Solana’s Opportunity and Shortcomings
- “Solana’s issue is clearer: it’s not narrative confusion—it’s performance. On-chain activity and fees peaked early in 2025 and have declined steadily since, dragging price down alongside them.”
- “Much of Solana’s prior activity came from meme coins and highly speculative on-chain trading—but there hasn’t yet emerged sufficiently durable economic activity to fill the gap left by that decline.”
- “If Solana can truly deliver in new areas like perpetual futures—and prove L1 performance approaches centralized exchange levels—it may become an undervalued asset at some point.”
Hyperliquid and the Non-KYC Market
- “My baseline analogy for Hyperliquid is Tether versus Circle. The non-KYC or international market in crypto is enormous—and fully capable of supporting a massive network.”

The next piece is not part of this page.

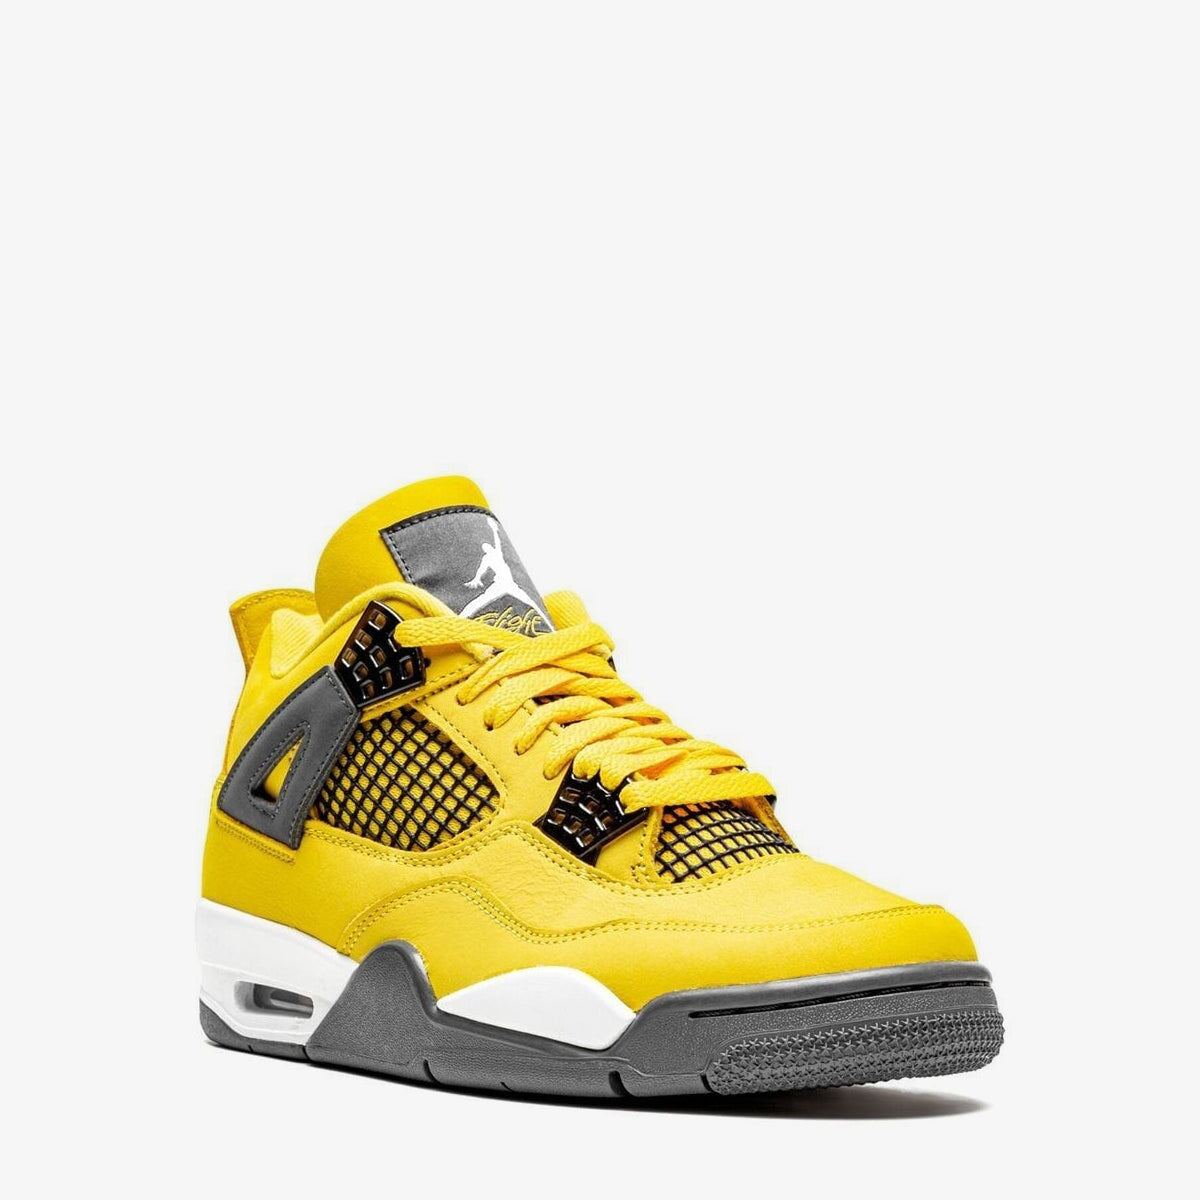 Air Jordan 4 “Lightning” Sneakers Air Jordan
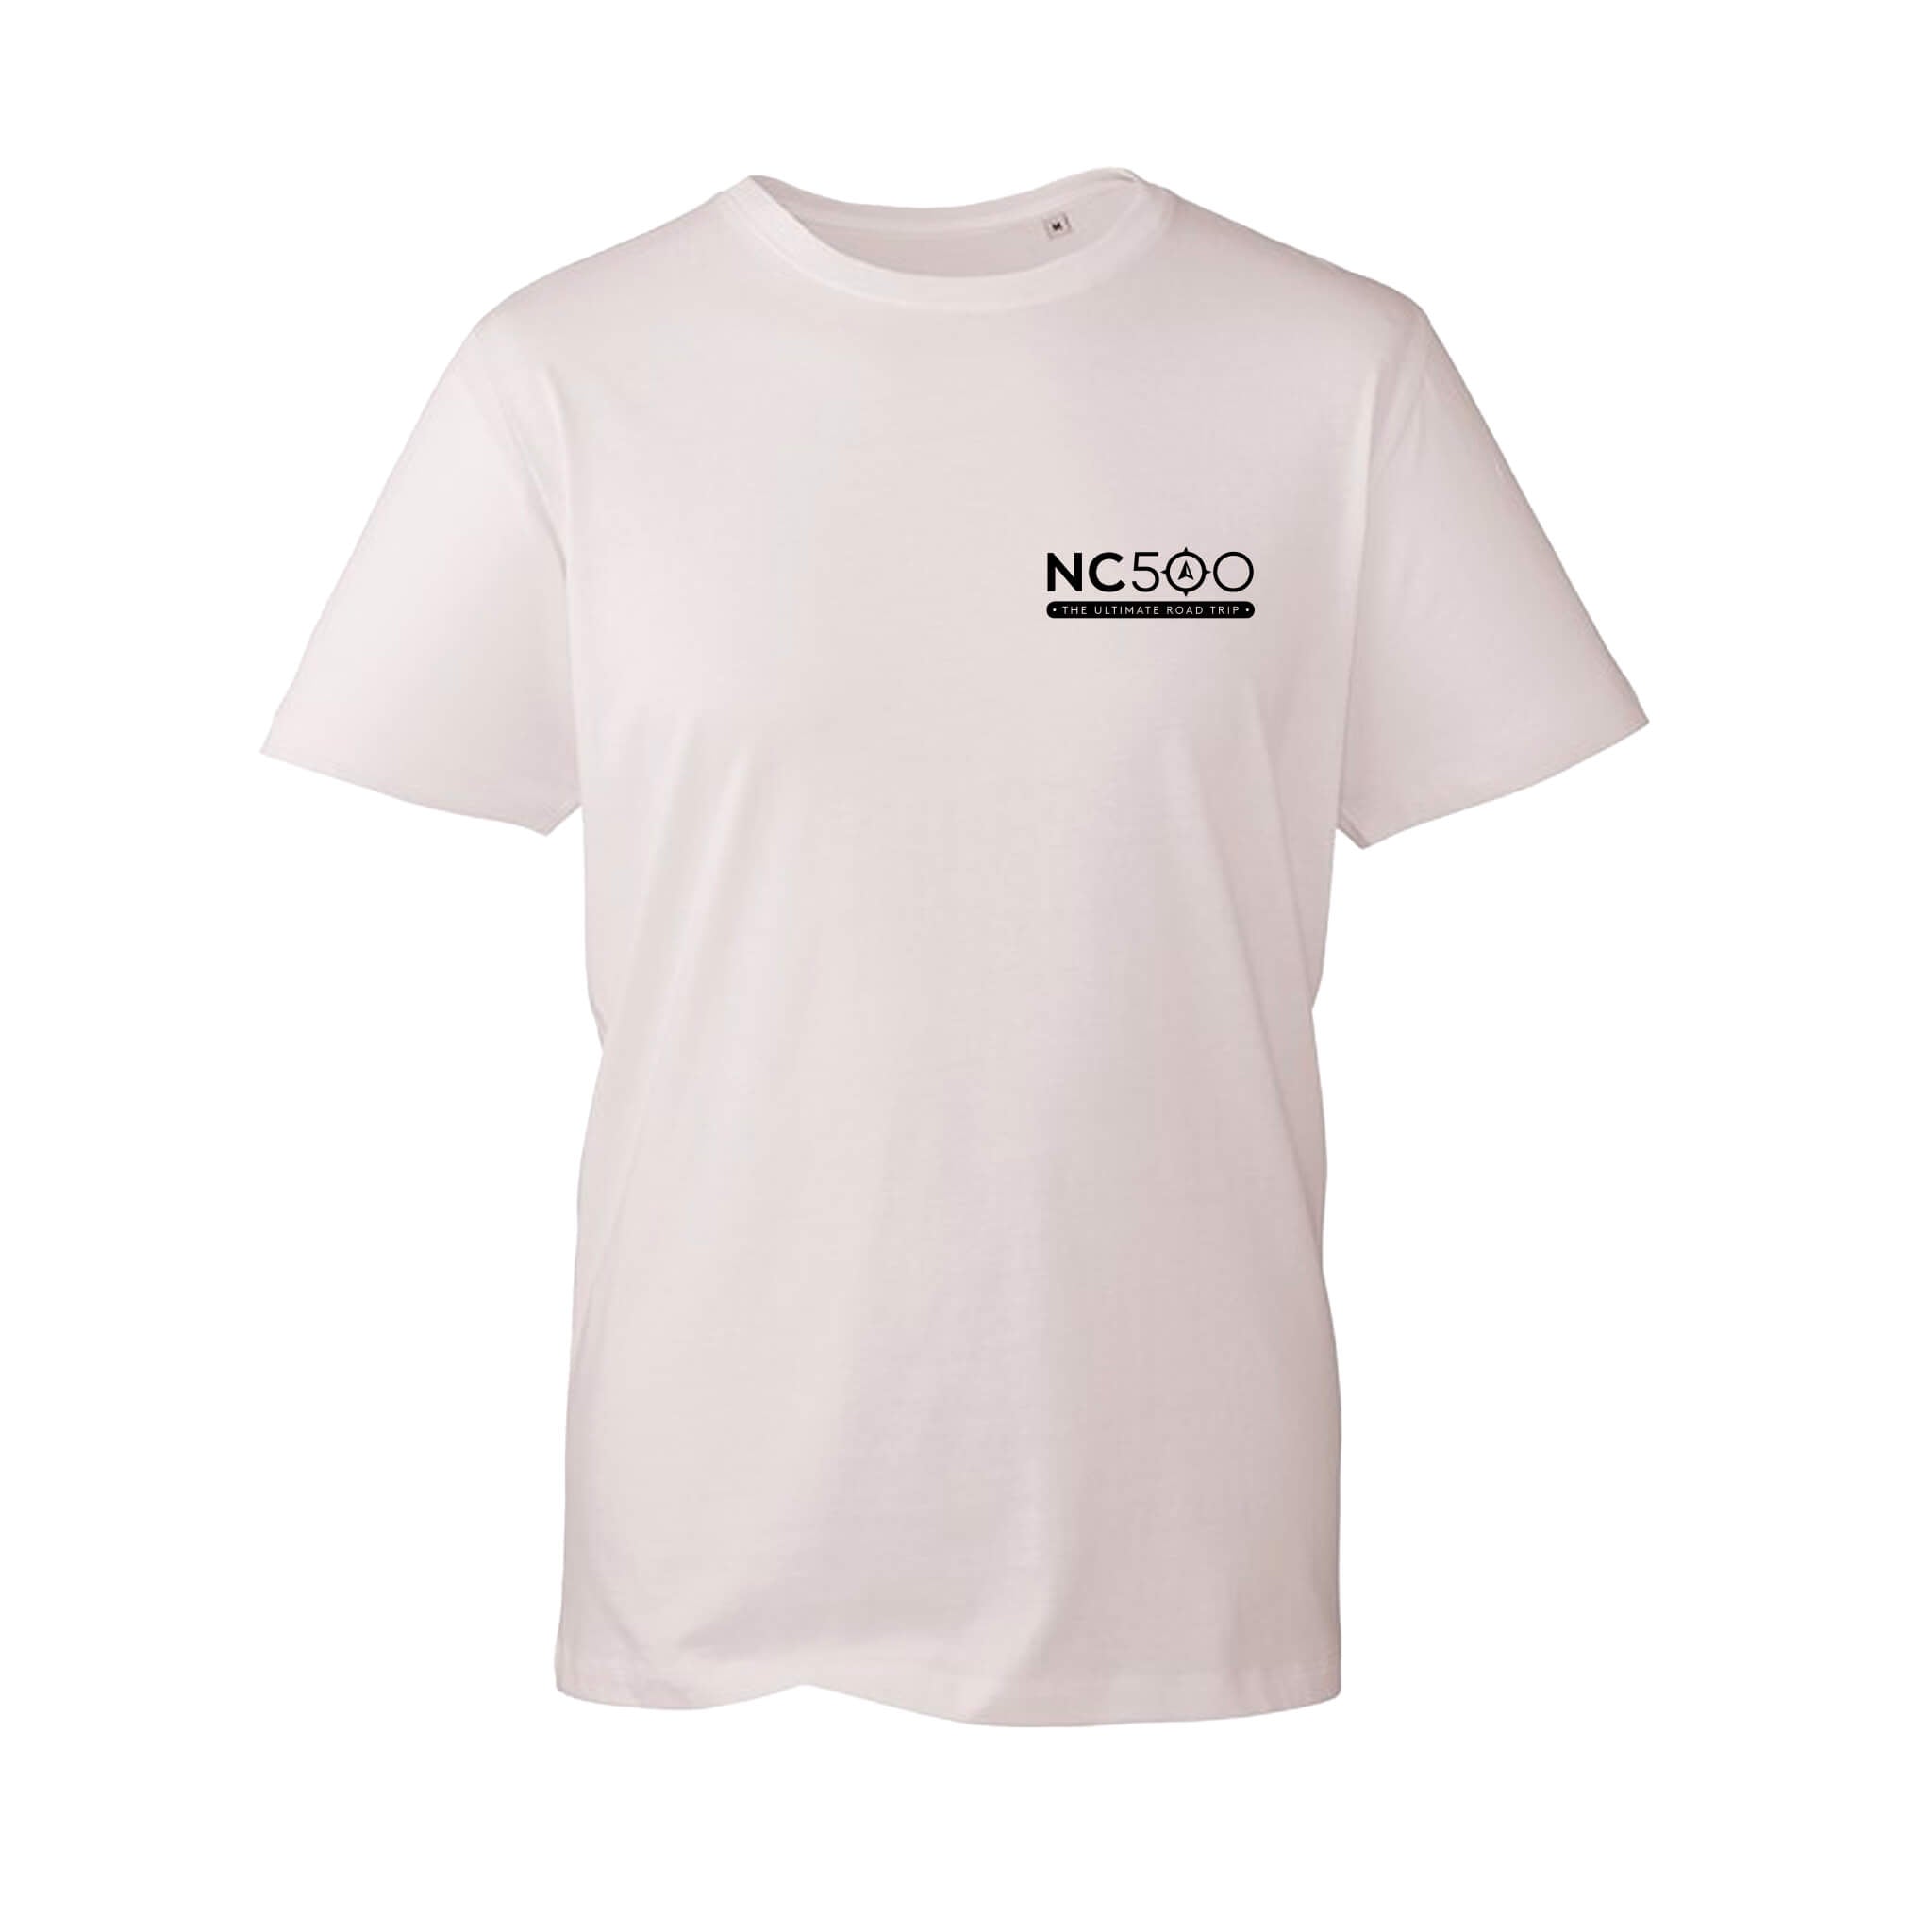 Explore Organic Cotton T-Shirt - White - Front View - North Coast 500

- “Hyperliquid’s key question isn’t whether it can enter the U.S.—it’s whether it can consistently list higher-quality assets and maintain strong liquidity.”
- “Its real growth comes from asset quality and liquidity: oil, compute markets, pre-IPO equities, prediction markets—these could all become new on-chain asset classes.”
Token Value Capture
- “In crypto, the best value capture mechanism is programmable—because the industry defaults to distrust of teams. Any discretionary mechanism gets discounted by the market.”
- “Leadership must consistently, professionally, and stably communicate the product roadmap—telling investors, stakers, and ecosystem developers: this isn’t just for the team; we’re building something bigger together.”
- “100% buybacks aren’t always optimal. Protocols need to convince the market they’re both rewarding token holders *and* investing in future growth.”
AI Agents, Trading, and Payments
- “If agents exceed humans in trading volume, frequency, and strategy count, that’s obviously great for fee revenue. I think L1s will increasingly be valued this way.”
- “The real value capture opportunity may lie not in being a pure execution venue—but in front-ends that reach end users, provide research, strategy, liquidity optimization, and superior trading experiences.”
- “Agent payments likely aren’t a massive opportunity for new entrants—Visa, Mastercard, and Stripe are moving fast, with entrenched customer bases, trust, fraud prevention, compliance, and risk management capabilities.”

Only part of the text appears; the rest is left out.